Time the Conversation. A conversation about a parent’s addiction is best had when there are no distractions, and the situation is relatively calm. If possible, bring it up when there is a plan in place to get help for the addicted parent. Explain that there’s a problem, and you’re taking steps to improve the situation. Talk about what will change (e.g., Mom or Dad will go to rehab, or one parent may move out if separating or divorcing). Repeat the conversation as often as needed so that the child feels comfortable having an ongoing dialogue.

Keep It Age-Appropriate. The language you use and the level of detail you provide depend on the age and maturity of the child. Break the issues down as simply and directly as possible, and finish with a message of hope.

Get Educated. Educate yourself about the disease of addiction so you are in a position to answer any questions the child may have. If you don’t know the answer, work on finding one together.

Acknowledge the Impact. Rather than skirt around the impact a parent’s addiction has had, validate the child’s experience. Apologize for the pain inflicted on the child and asked open-ended questions about how they’ve been feeling.

Put Things Into Perspective. Children from addicted homes tend to idealize other families without realizing they have struggles of their own. Help them understand that they are not alone; in fact, millions of children are in the same situation. They are normal kids thrust into an unhealthy home environment who are doing their best to cope with an extremely stressful situation.

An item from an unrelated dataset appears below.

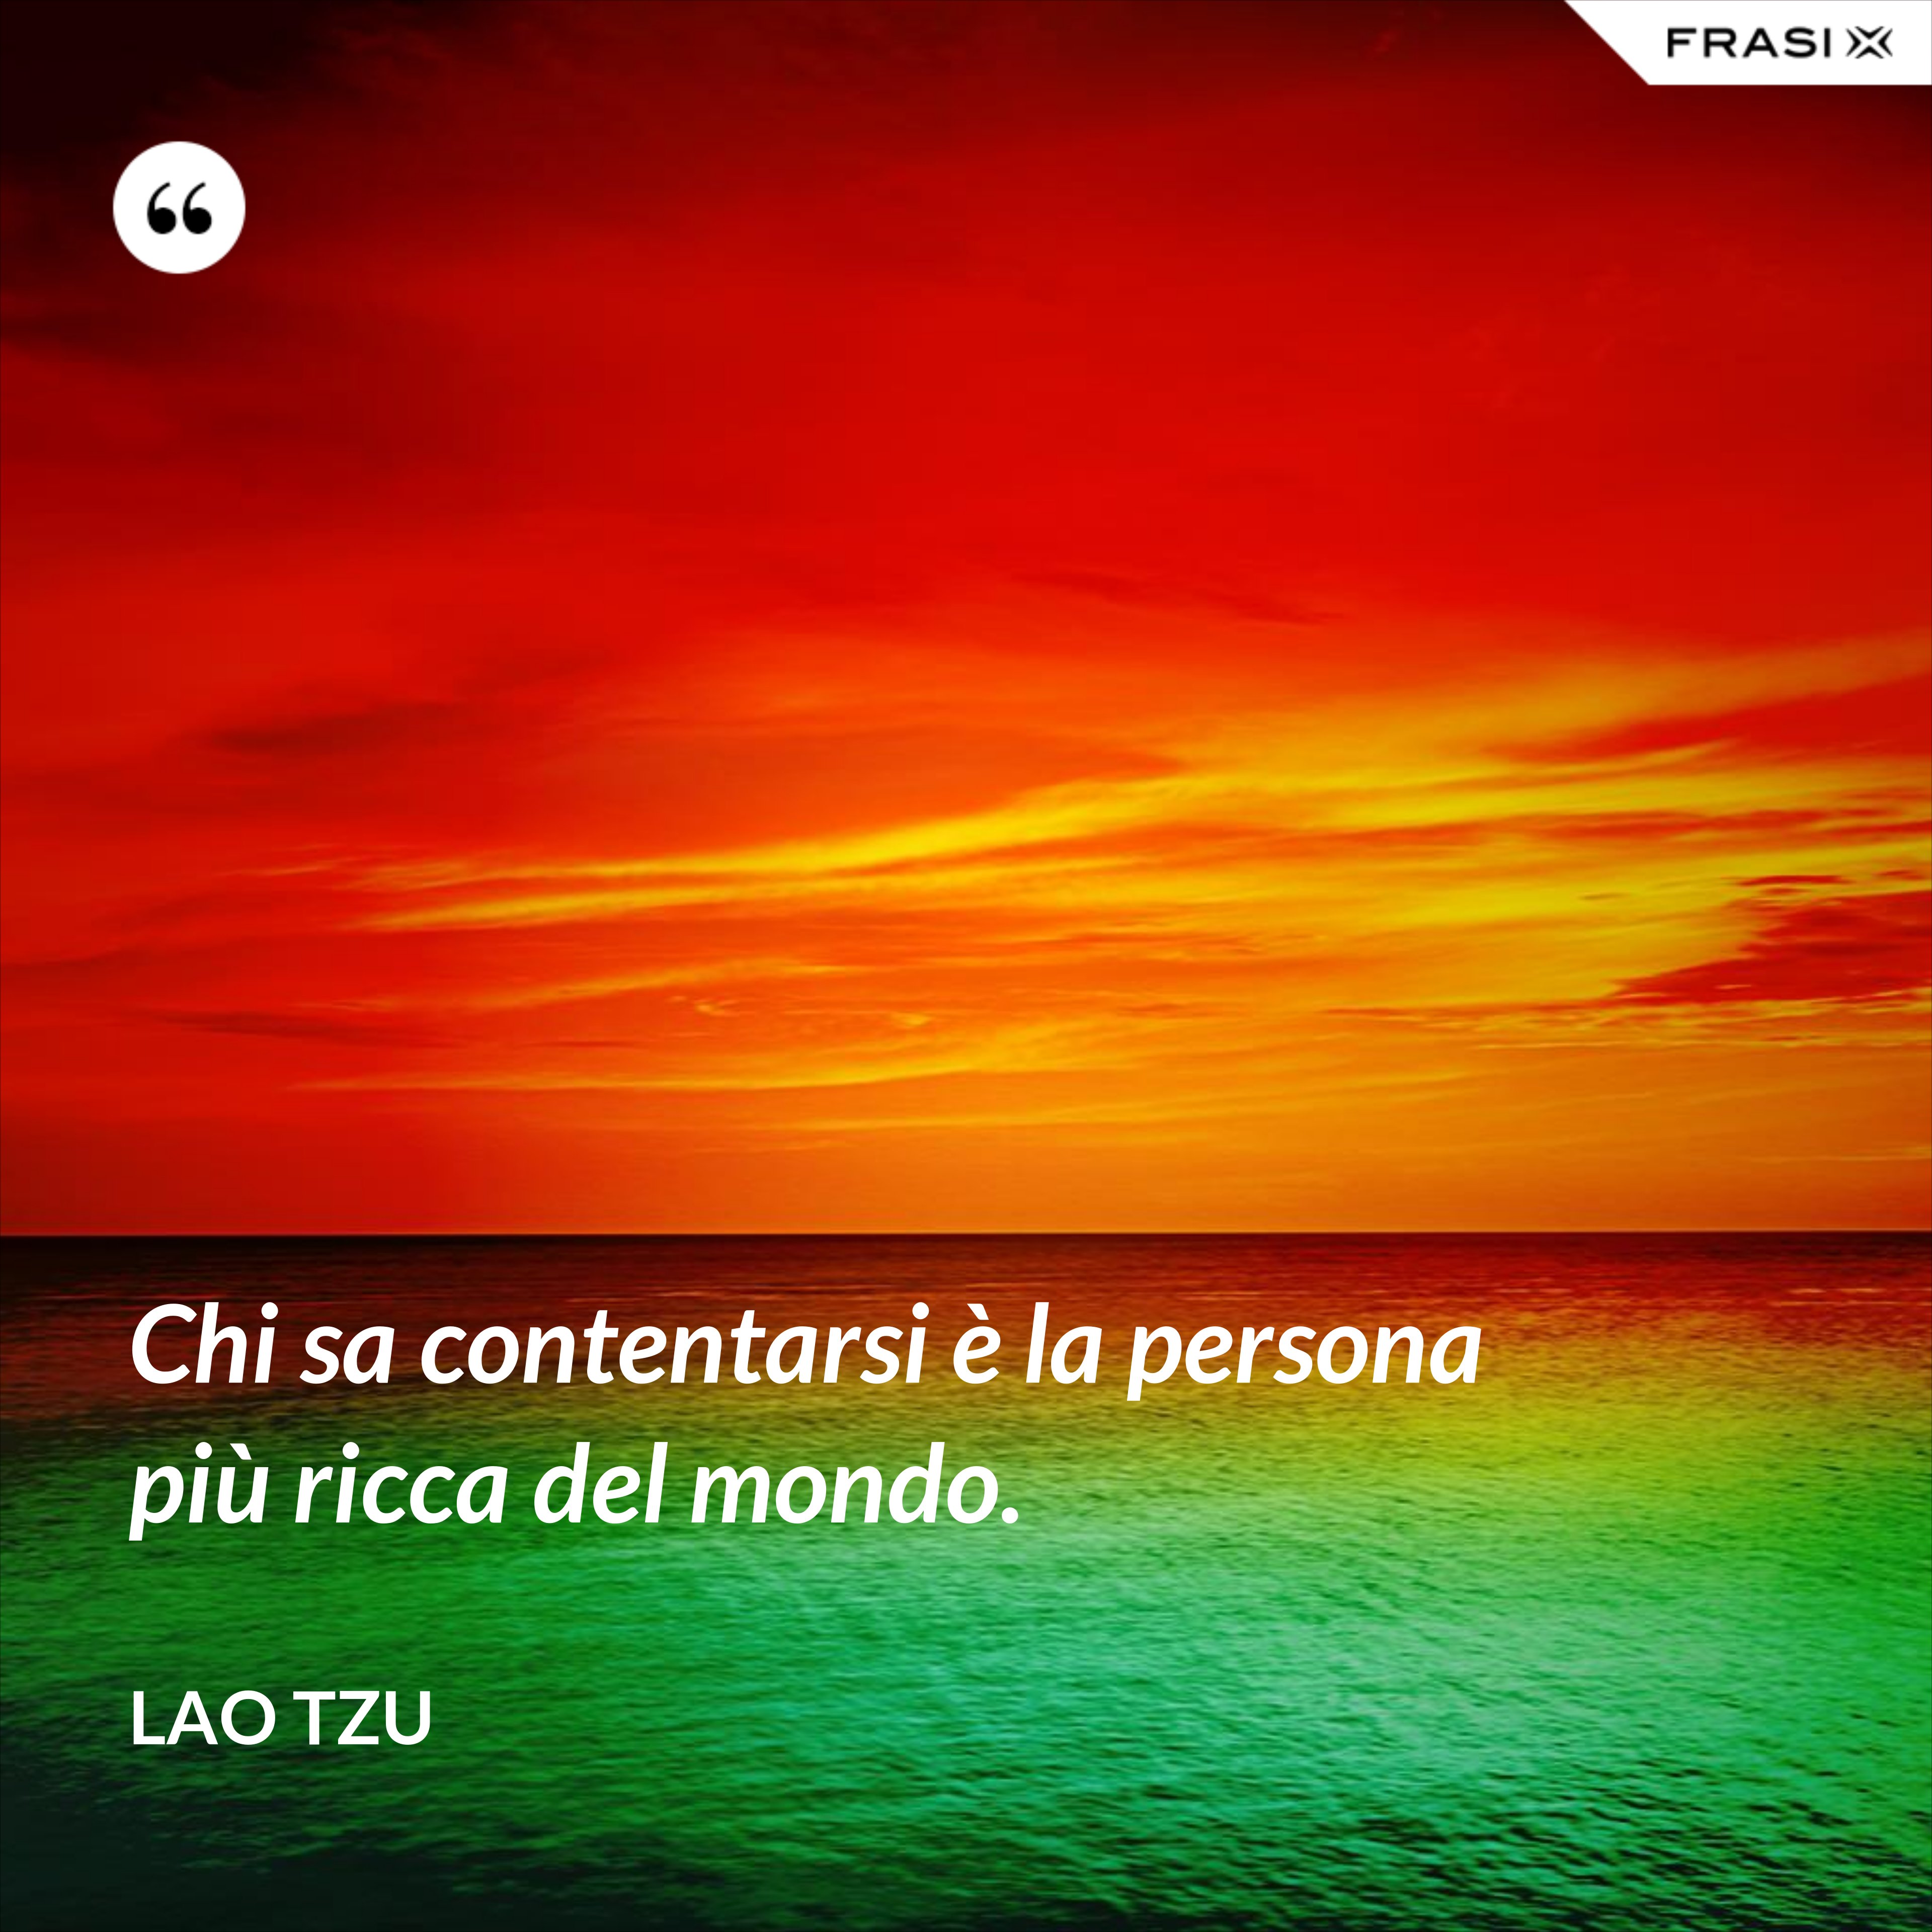 Chi sa contentarsi è la persona più ricca del mondo. - Lao Tzu
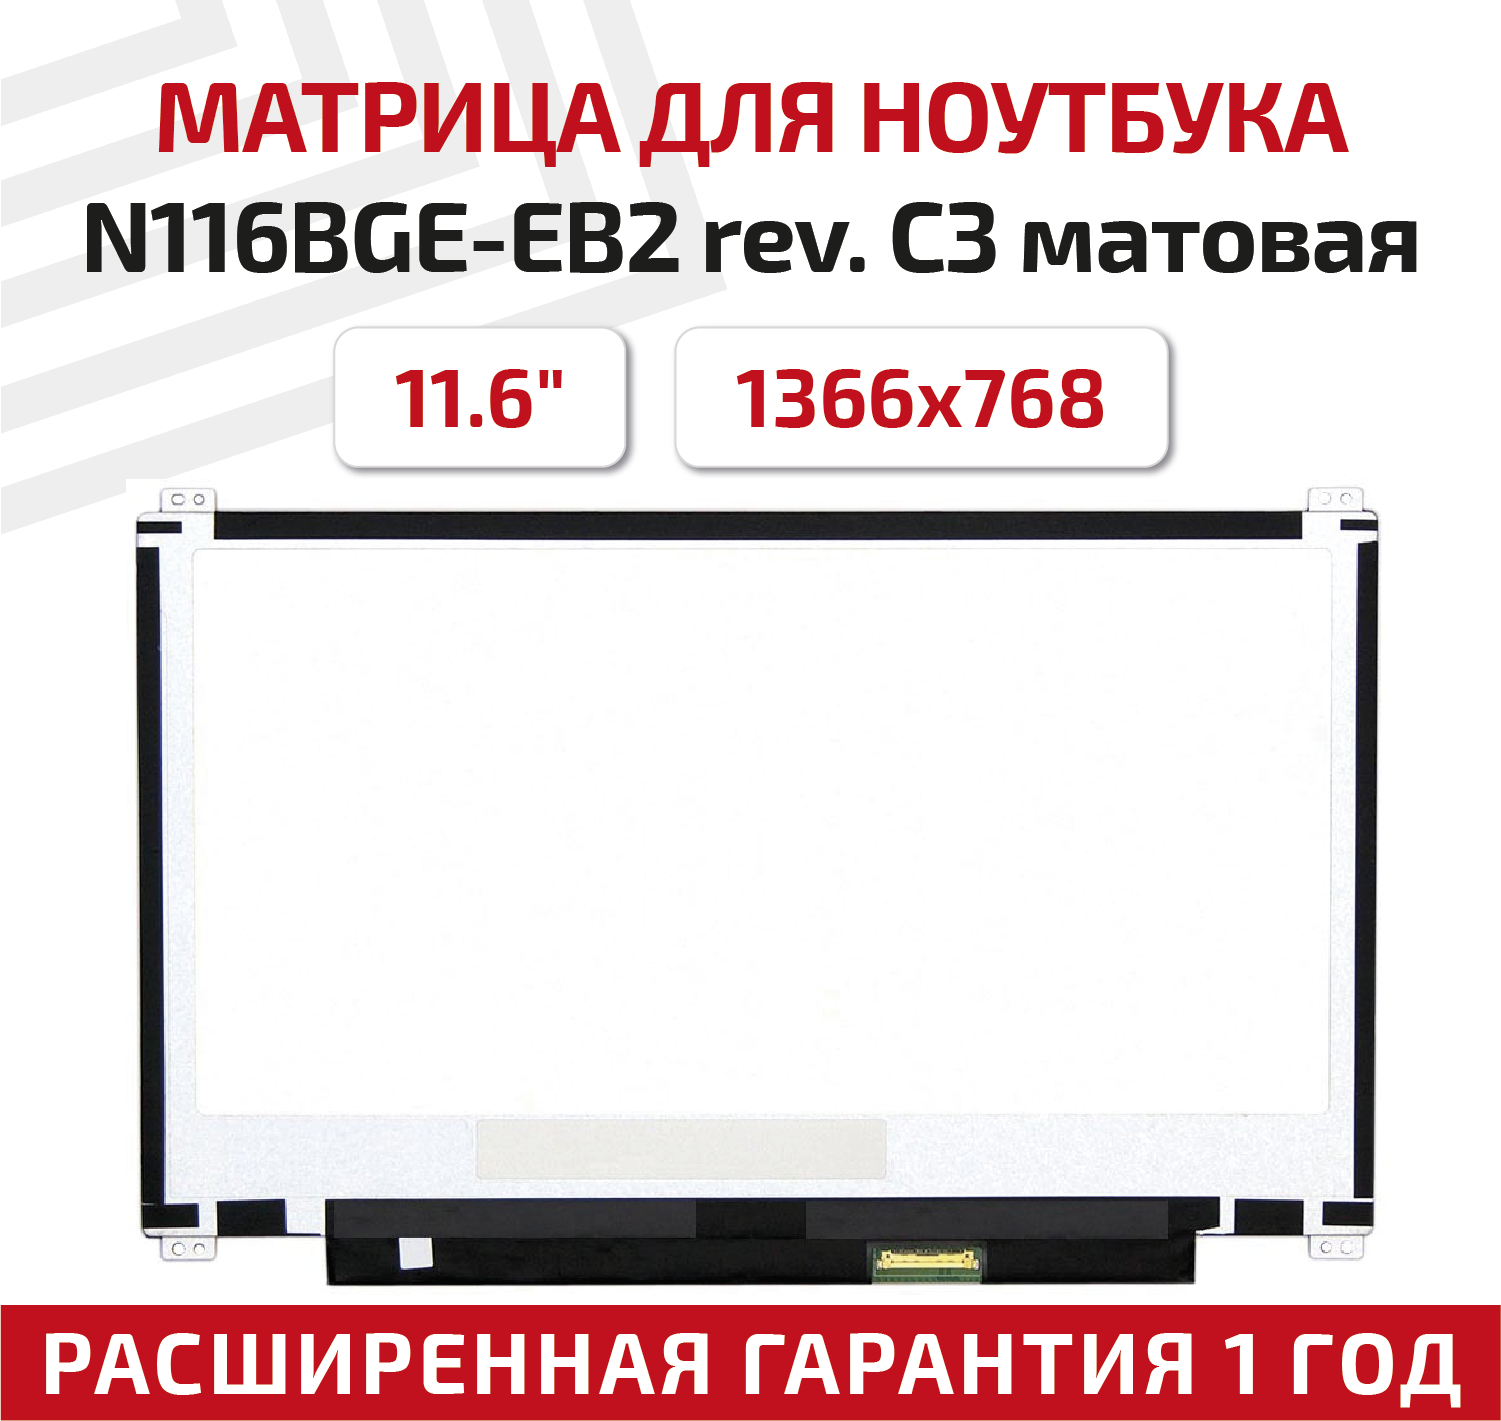 Матрица (экран) для ноутбука N116BGE-EB2 rev. C3, 11.6", 1366x768, Slim (тонкая), 30-pin, светодиодная (LED), матовая

Teach the Seven Cs. According to the National Association for Children of Alcoholics, children need to know the “Seven Cs of Addiction”:

I didn’t Cause it.

I can’t Cure it.

I can’t Control it.

I can Care for myself

By Communicating my feelings,

Making healthy Choices, and

By Celebrating myself.

Find Additional Sources of Support. Just as the addicted parent needs treatment and support to get well, children need to know there are resources available to help them process their emotions. If they don’t feel comfortable talking with a parent or relative, they can reach out to a teacher, counselor, child or family therapist, religious leader or support group such as Alateen.

The toughest topics are often the most important to broach with children. For each day that a child lives with an addict, the damage is being done. And while not every child will fall prey to addiction or other emotional or behavioral disorders, they need honest discussion and support to beat the odds.

You can’t save an addict or alcoholic unwilling to accept help. You can only save yourself… and you are obligated to save the child in your care….

This is my journey… This is my life.